[Work request]
Reproduce the listing below in full and without alteration, apart from its pictures.

[Material provided]
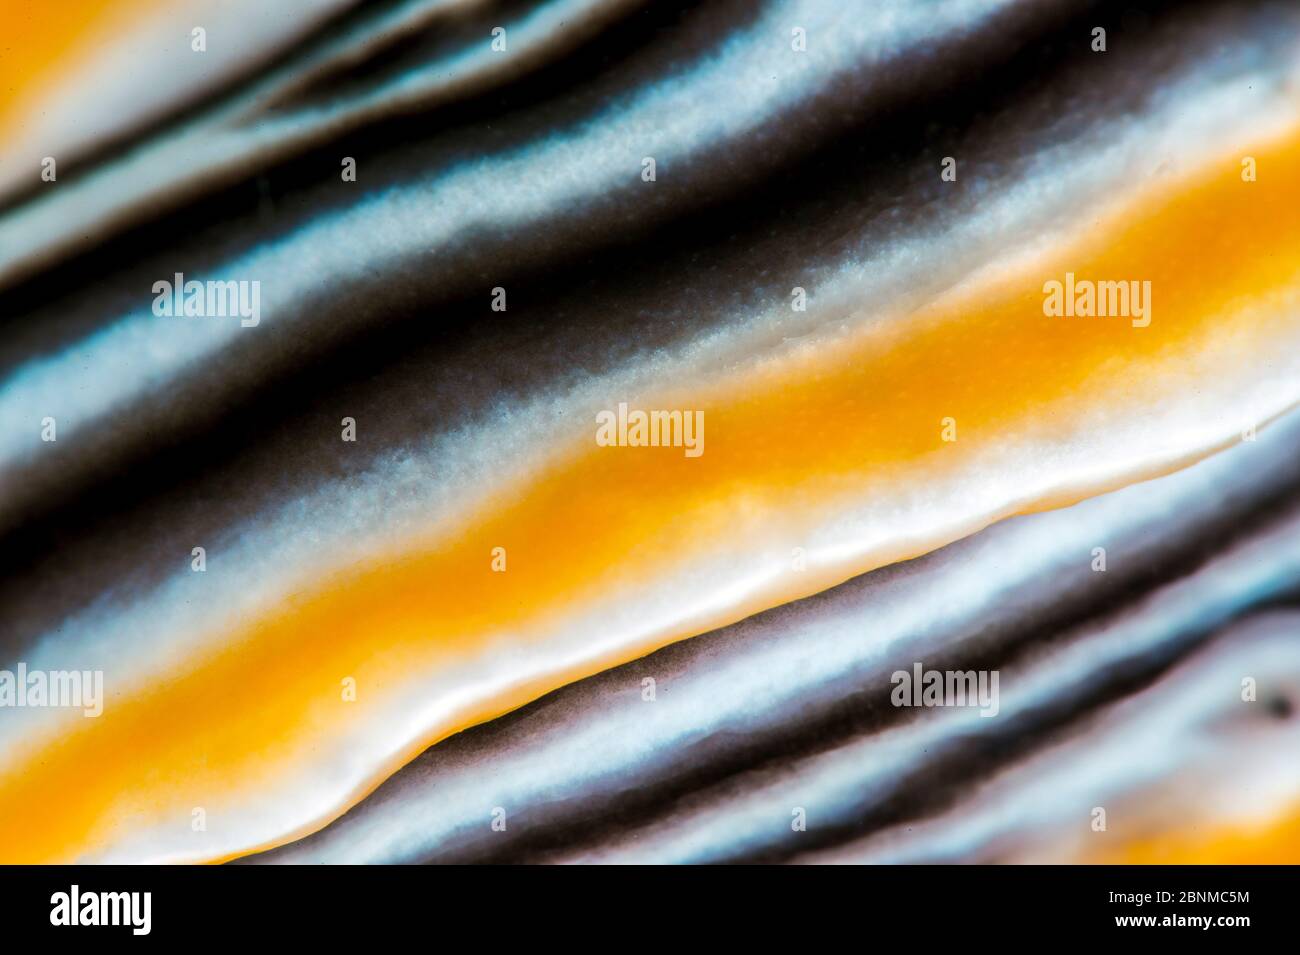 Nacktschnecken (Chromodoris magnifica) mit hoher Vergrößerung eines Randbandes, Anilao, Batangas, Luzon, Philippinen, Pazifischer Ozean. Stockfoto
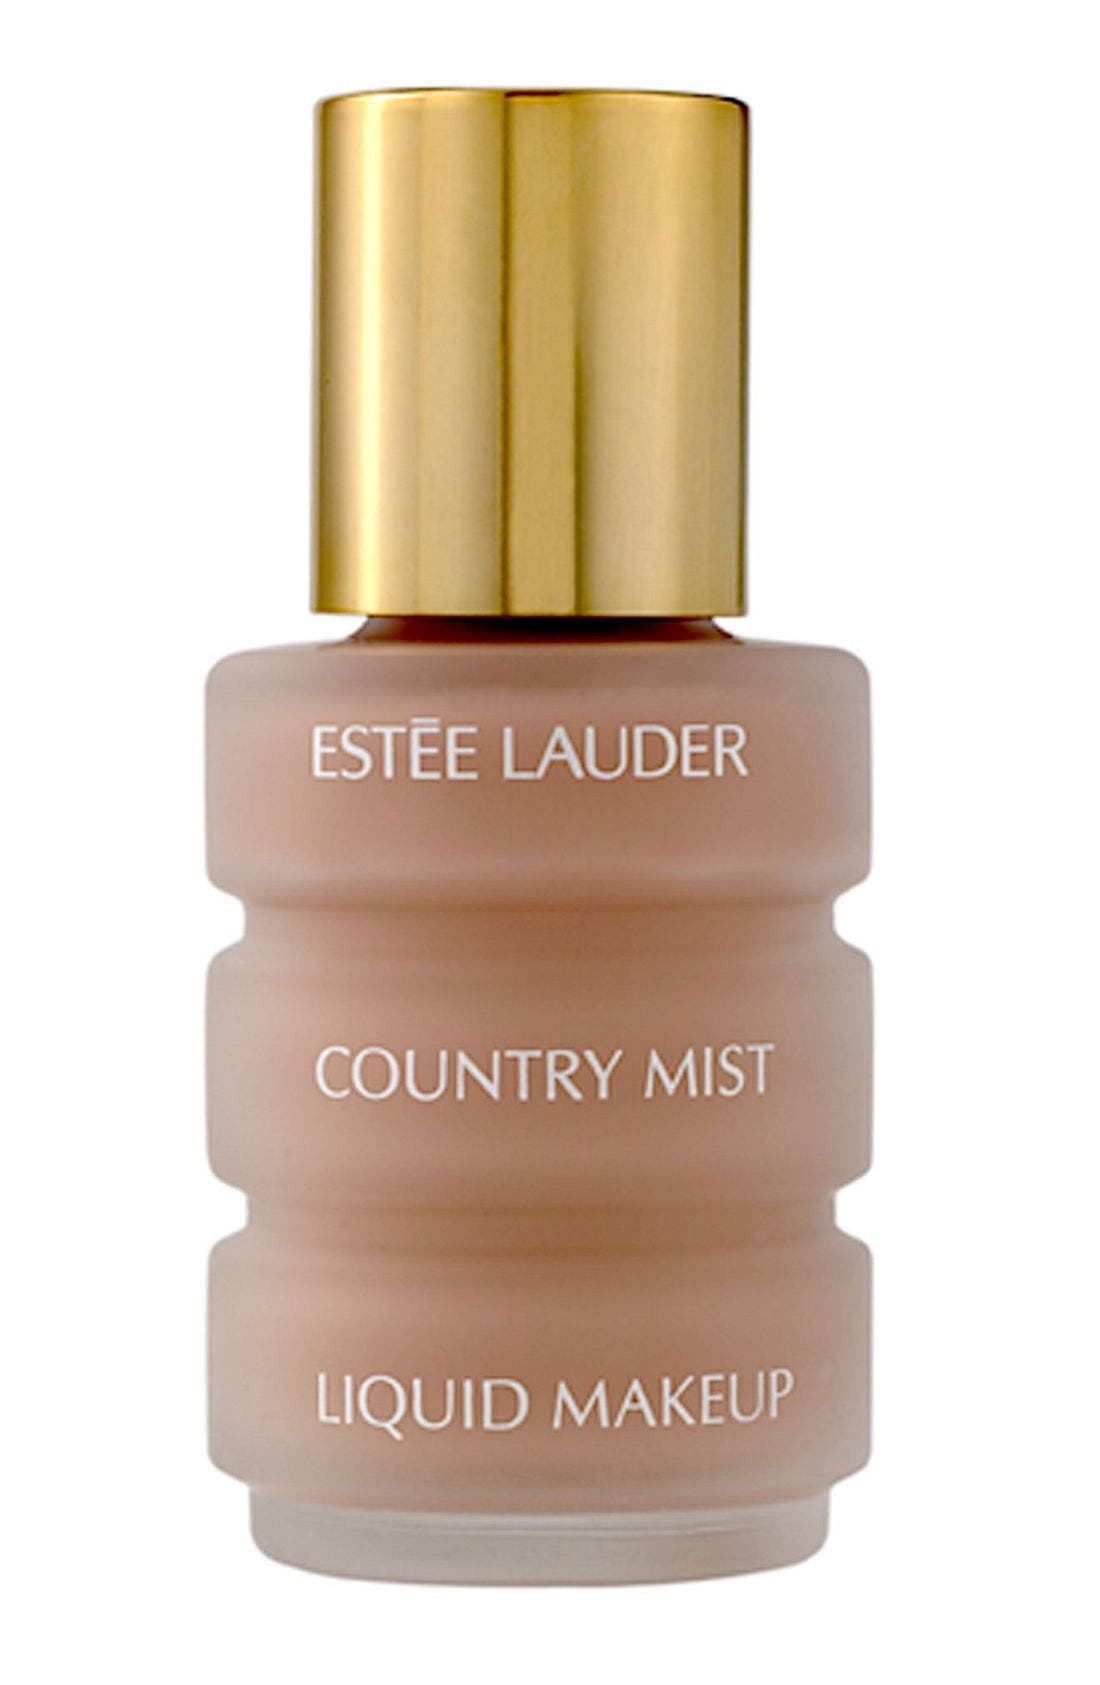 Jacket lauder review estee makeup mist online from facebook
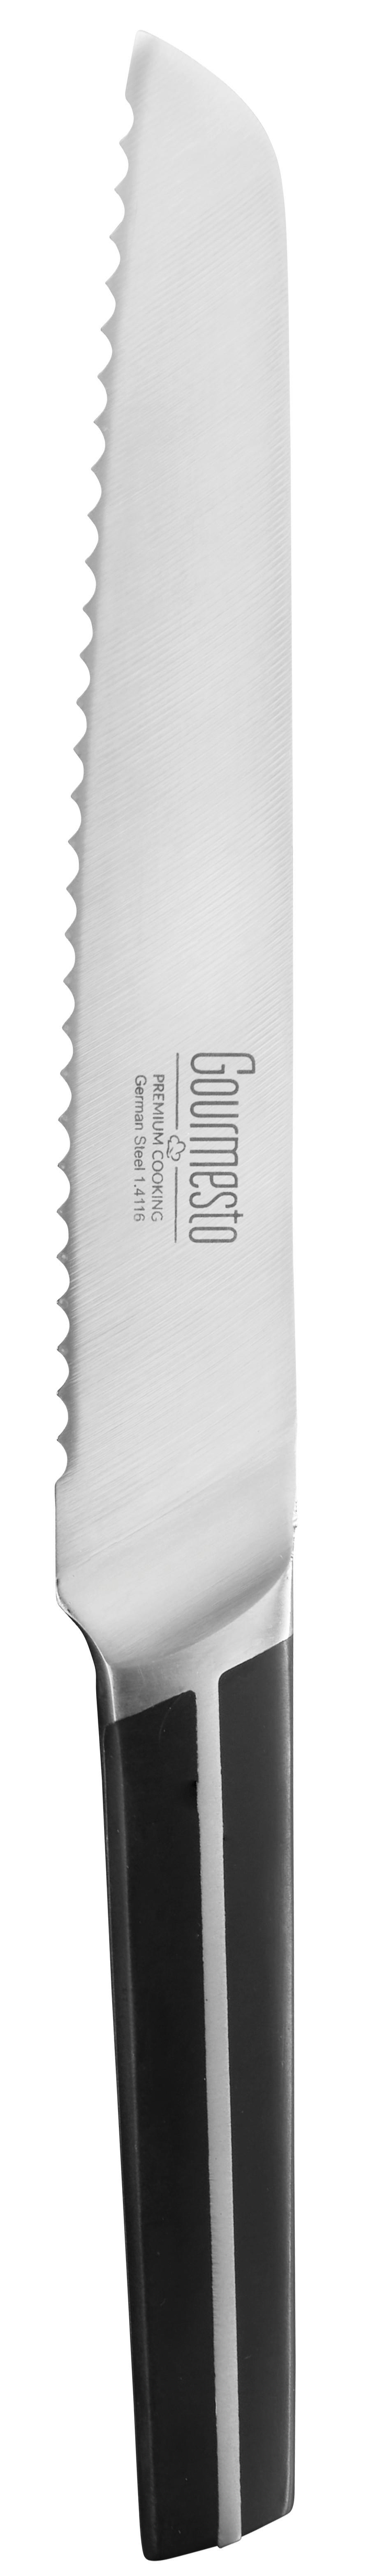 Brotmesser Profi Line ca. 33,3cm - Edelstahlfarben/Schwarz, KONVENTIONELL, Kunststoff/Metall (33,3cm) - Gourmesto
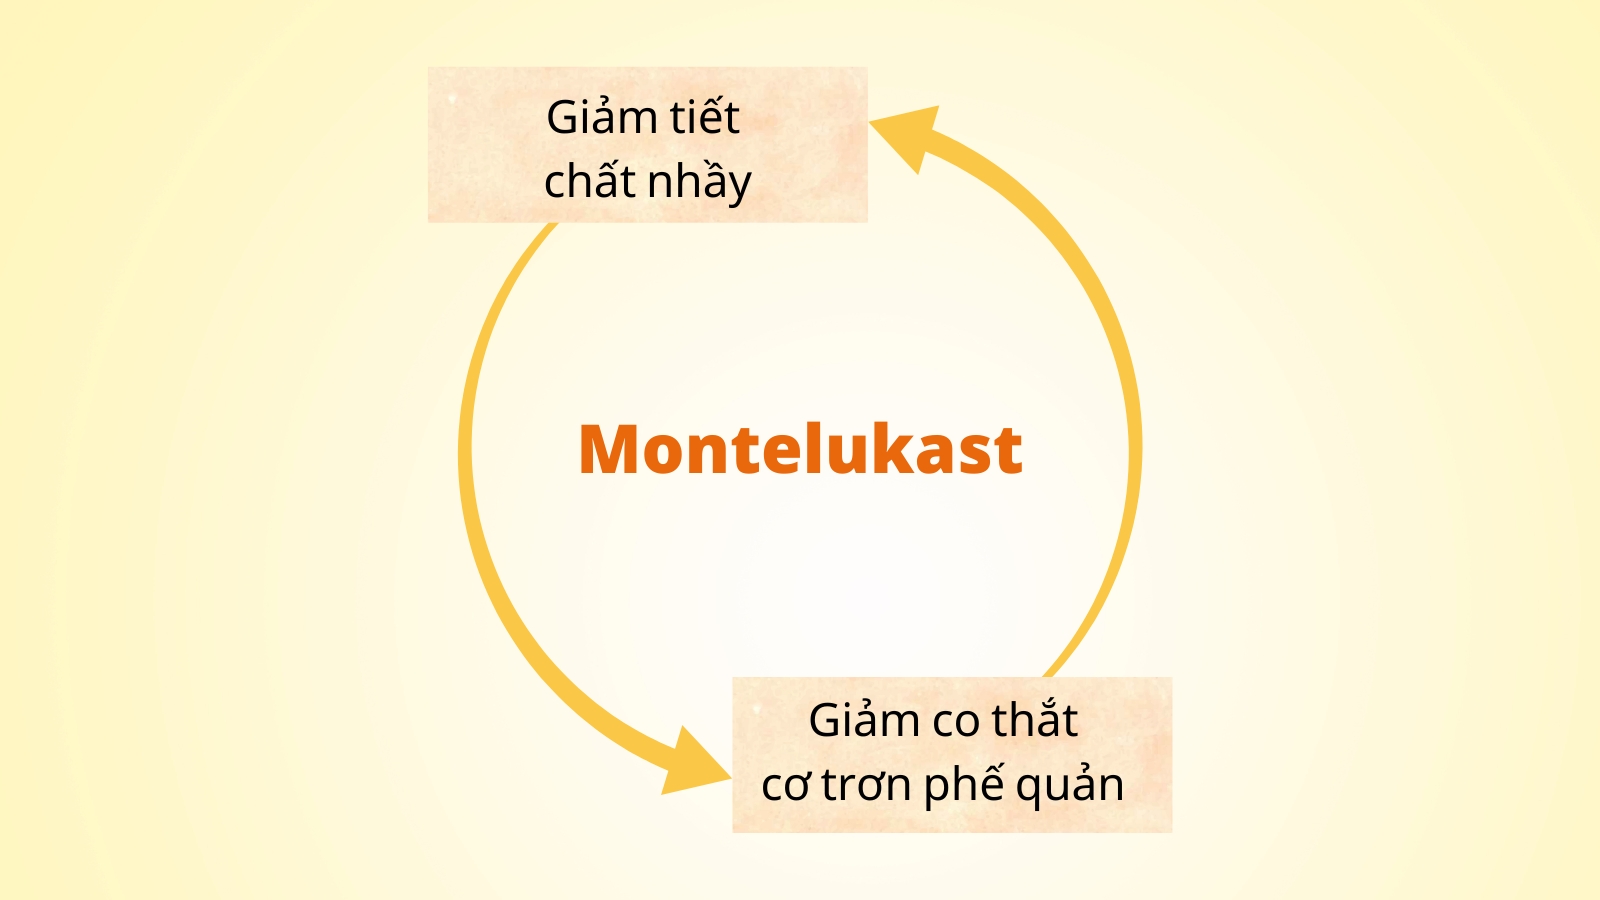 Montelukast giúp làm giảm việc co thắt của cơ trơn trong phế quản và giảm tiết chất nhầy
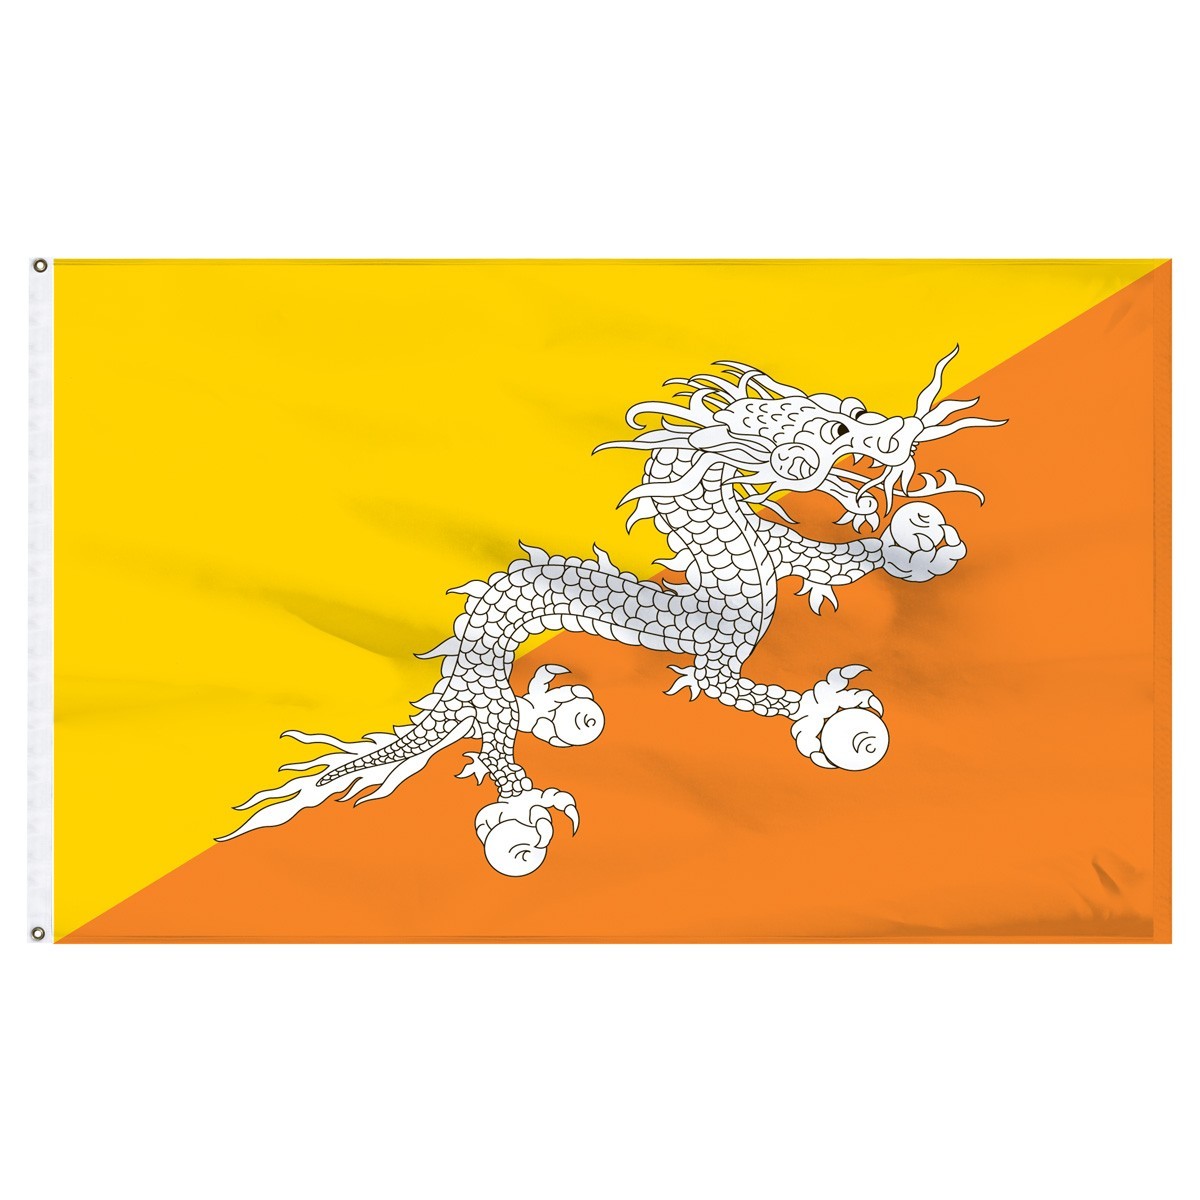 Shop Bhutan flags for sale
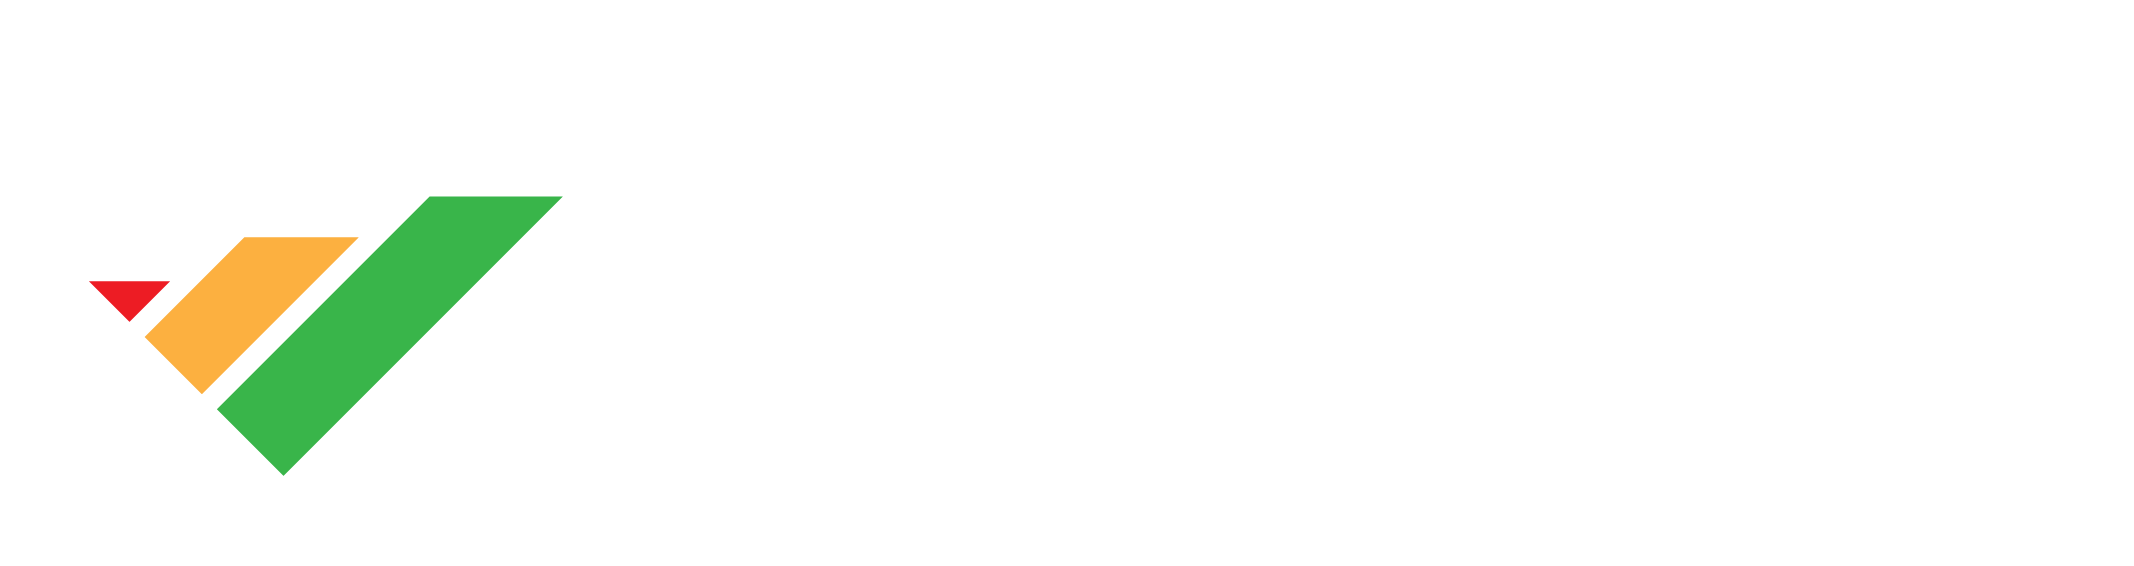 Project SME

[Expected answer]
 Nacktschnecken (Chromodoris magnifica) mit hoher Vergrößerung eines Randbandes, Anilao, Batangas, Luzon, Philippinen, Pazifischer Ozean. Stockfoto
 Jacket lauder review estee makeup mist online from facebook
 Brotmesser Profi Line ca. 33,3cm - Edelstahlfarben/Schwarz, KONVENTIONELL, Kunststoff/Metall (33,3cm) - Gourmesto
 Montelukast giúp làm giảm việc co thắt của cơ trơn trong phế quản và giảm tiết chất nhầy
 Shop Bhutan flags for sale
 Project SME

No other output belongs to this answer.